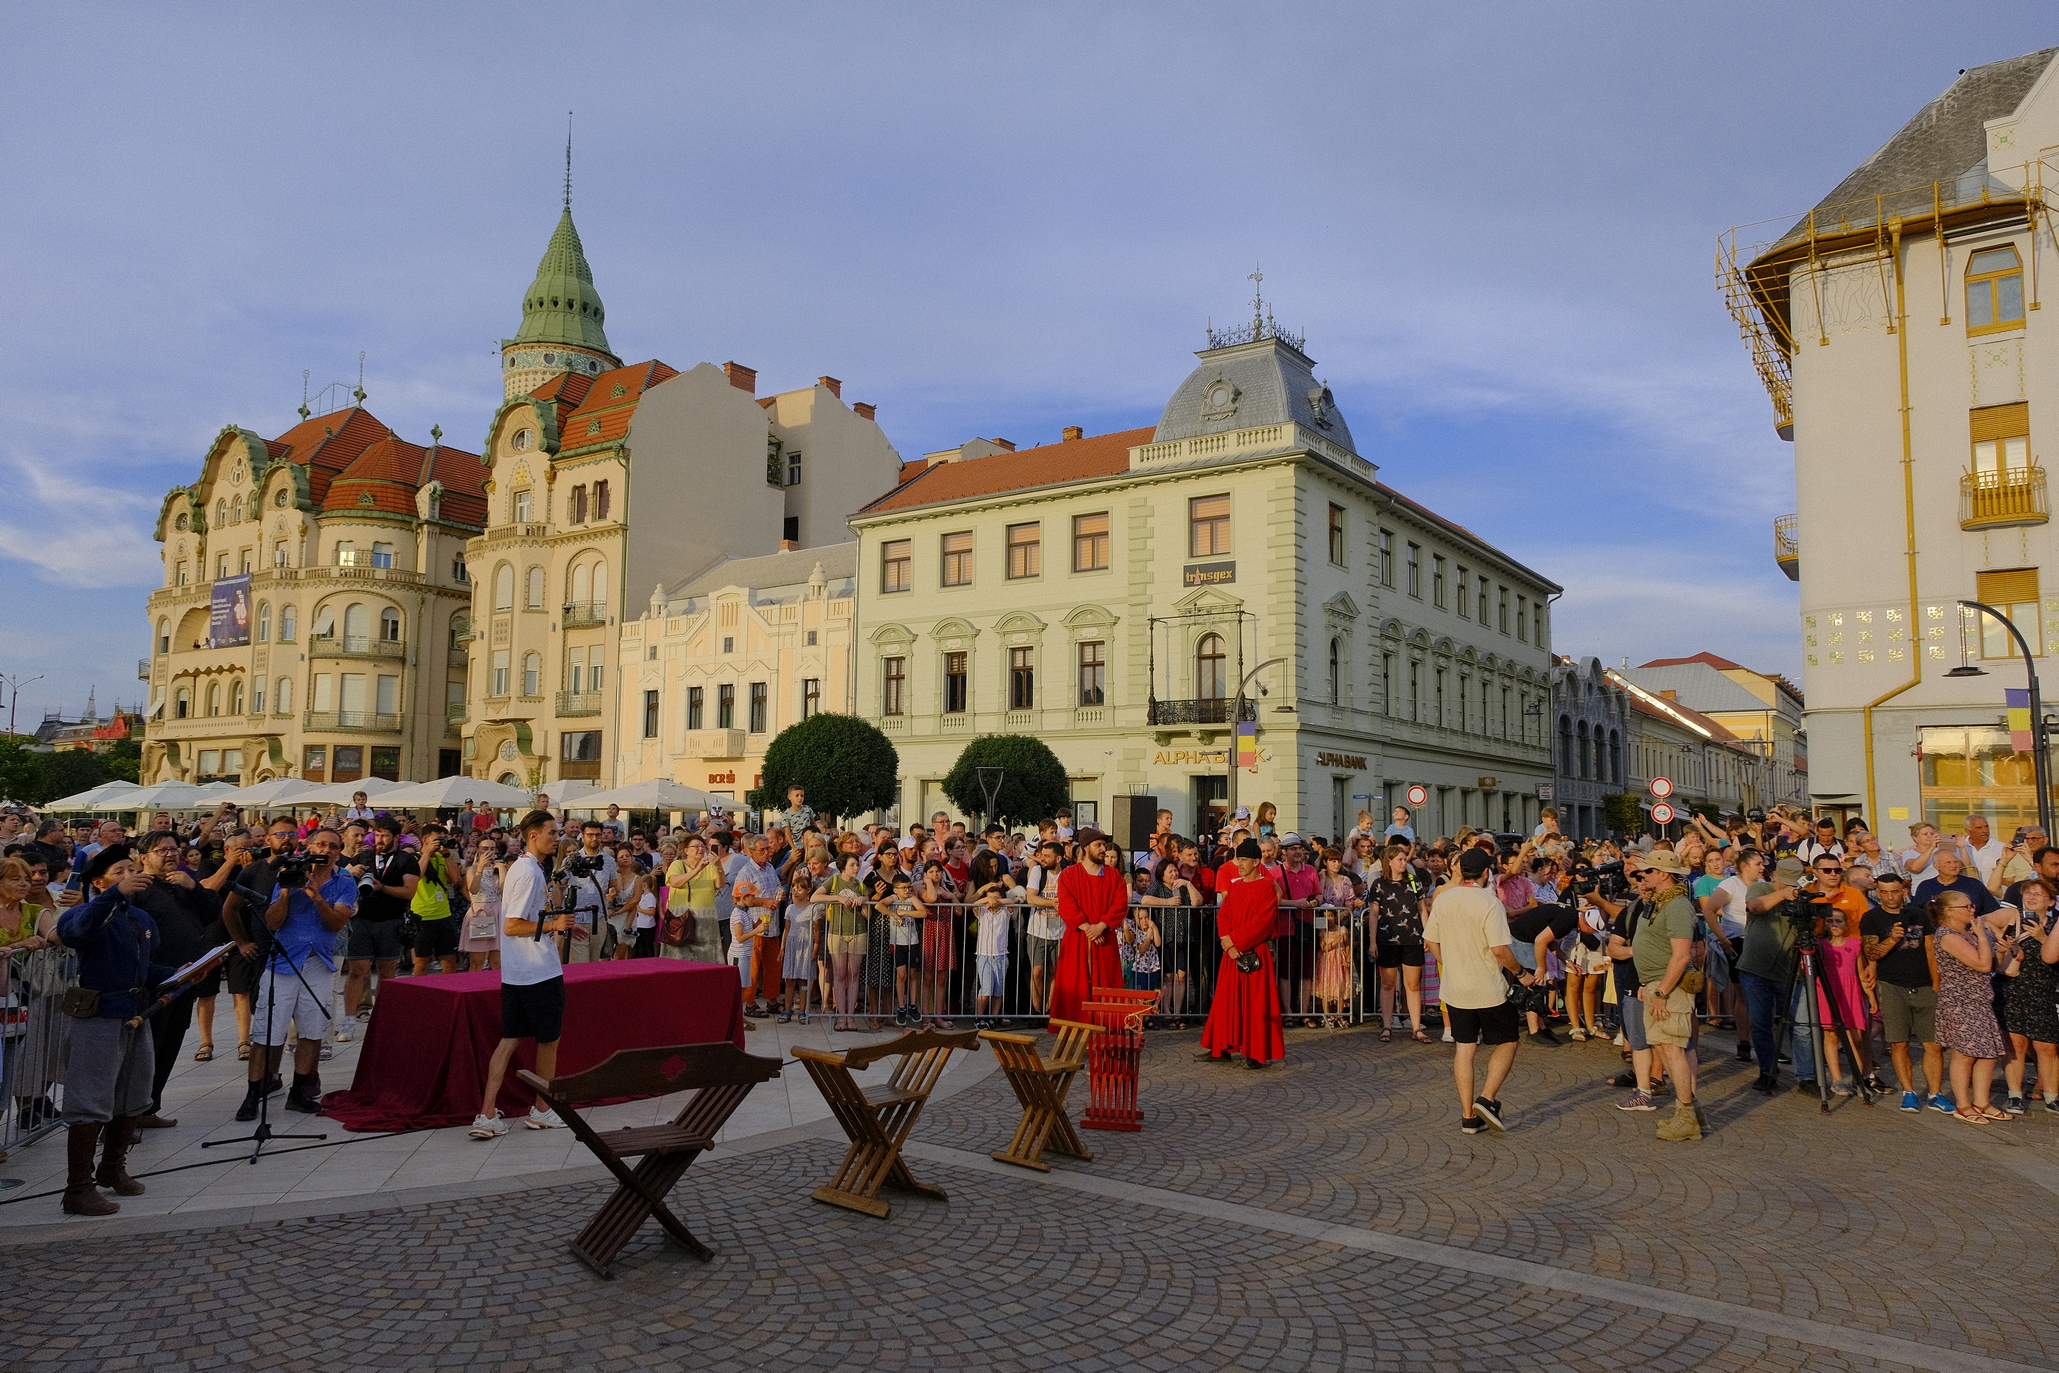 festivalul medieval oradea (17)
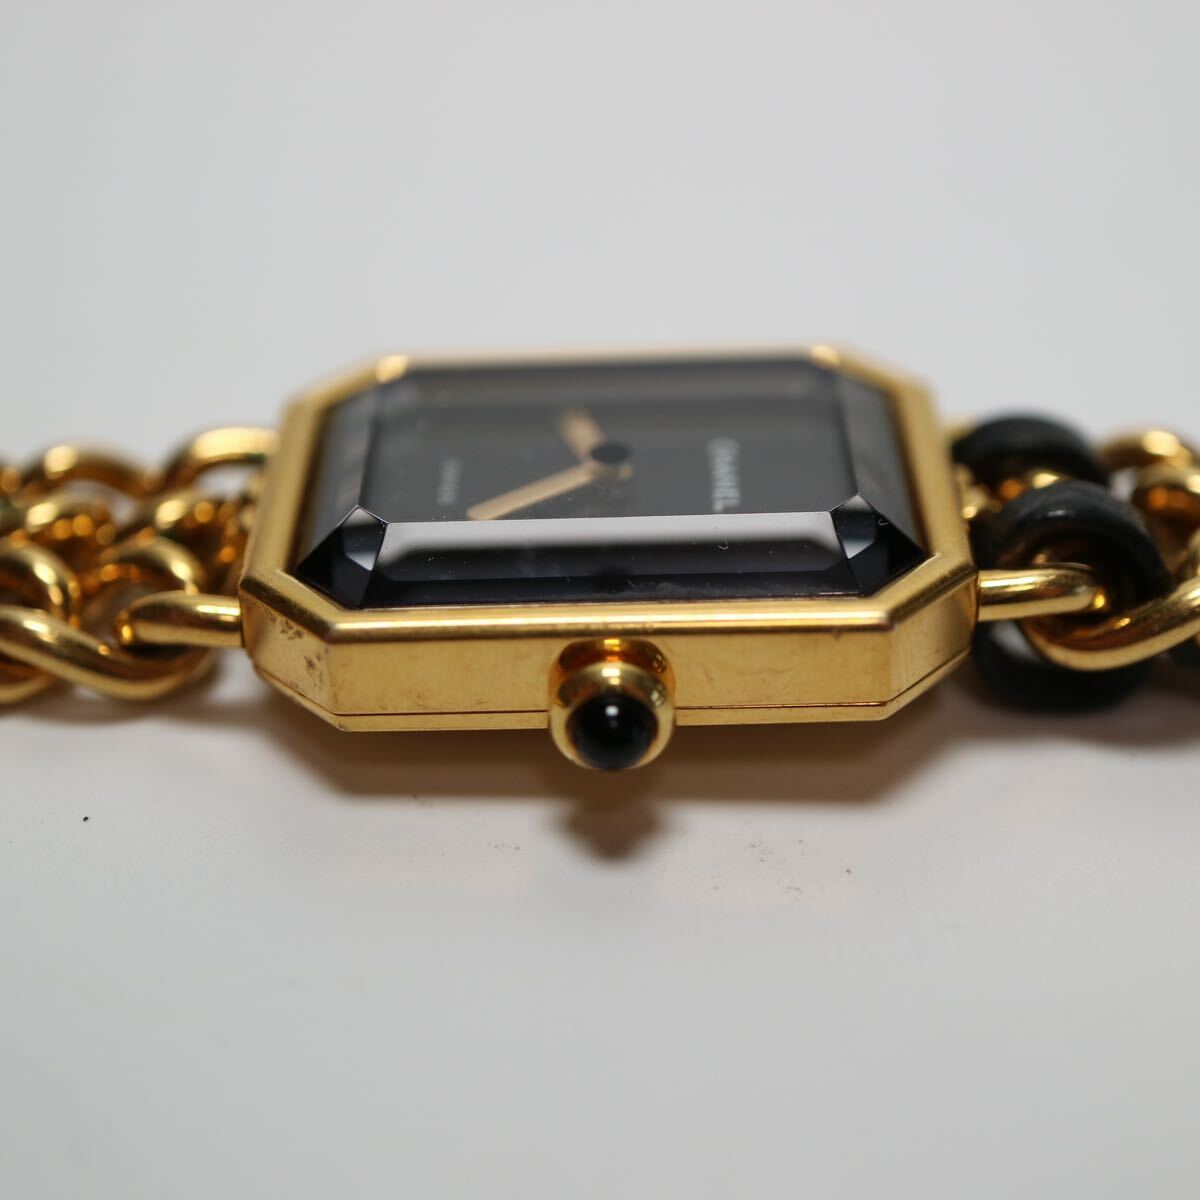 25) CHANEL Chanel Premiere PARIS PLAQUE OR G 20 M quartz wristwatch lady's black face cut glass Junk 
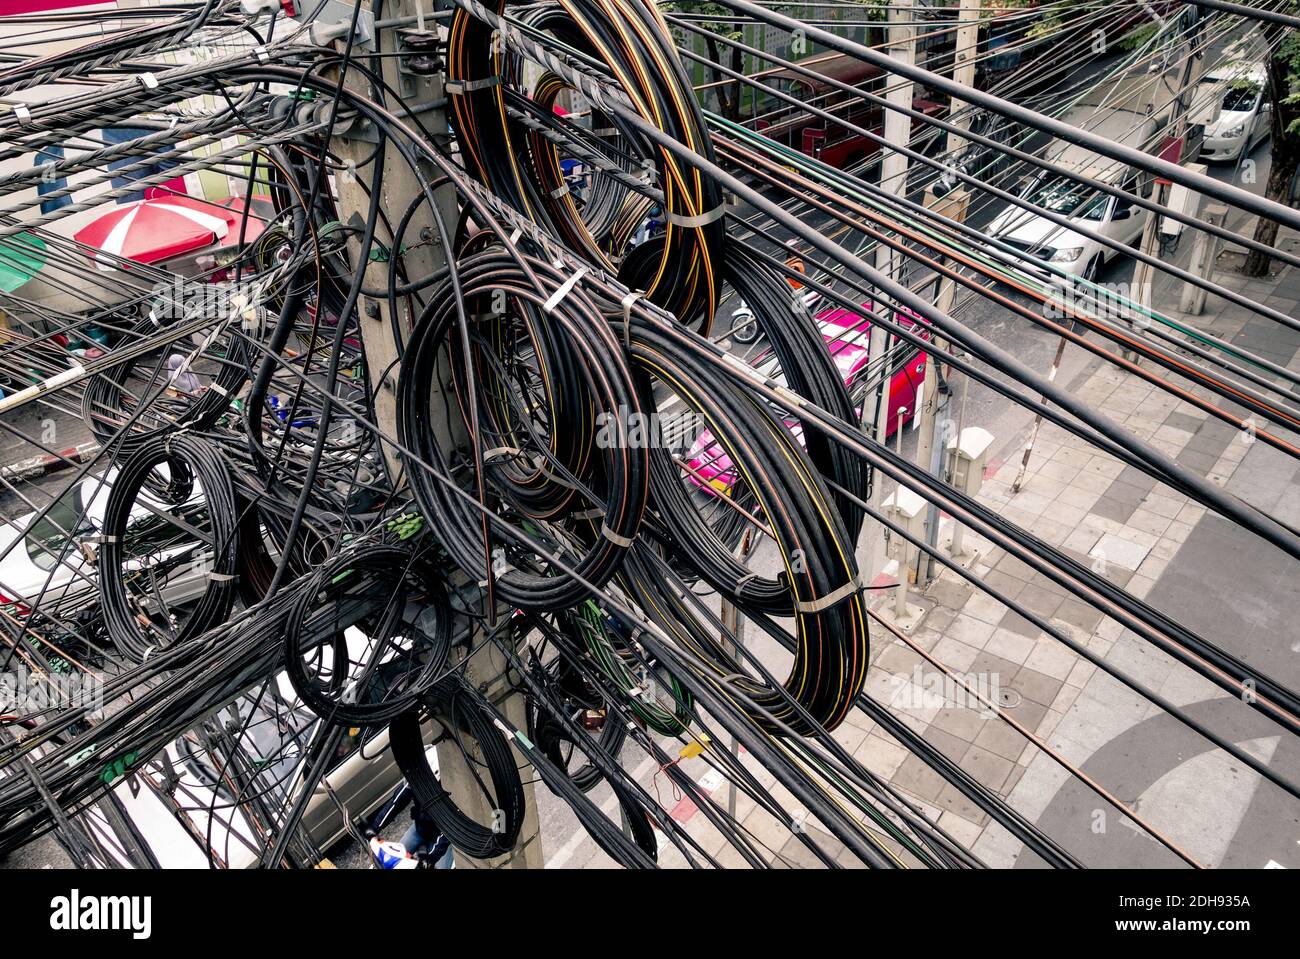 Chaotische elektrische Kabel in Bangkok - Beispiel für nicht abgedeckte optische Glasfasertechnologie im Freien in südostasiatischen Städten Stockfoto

**Try it**
Give back the data exactly. Skip any images.

**Solution for this exercise**
 festivalul medieval oradea (17)
 25) CHANEL Chanel Premiere PARIS PLAQUE OR G 20 M quartz wristwatch lady's black face cut glass Junk 
 Chaotische elektrische Kabel in Bangkok - Beispiel für nicht abgedeckte optische Glasfasertechnologie im Freien in südostasiatischen Städten Stockfoto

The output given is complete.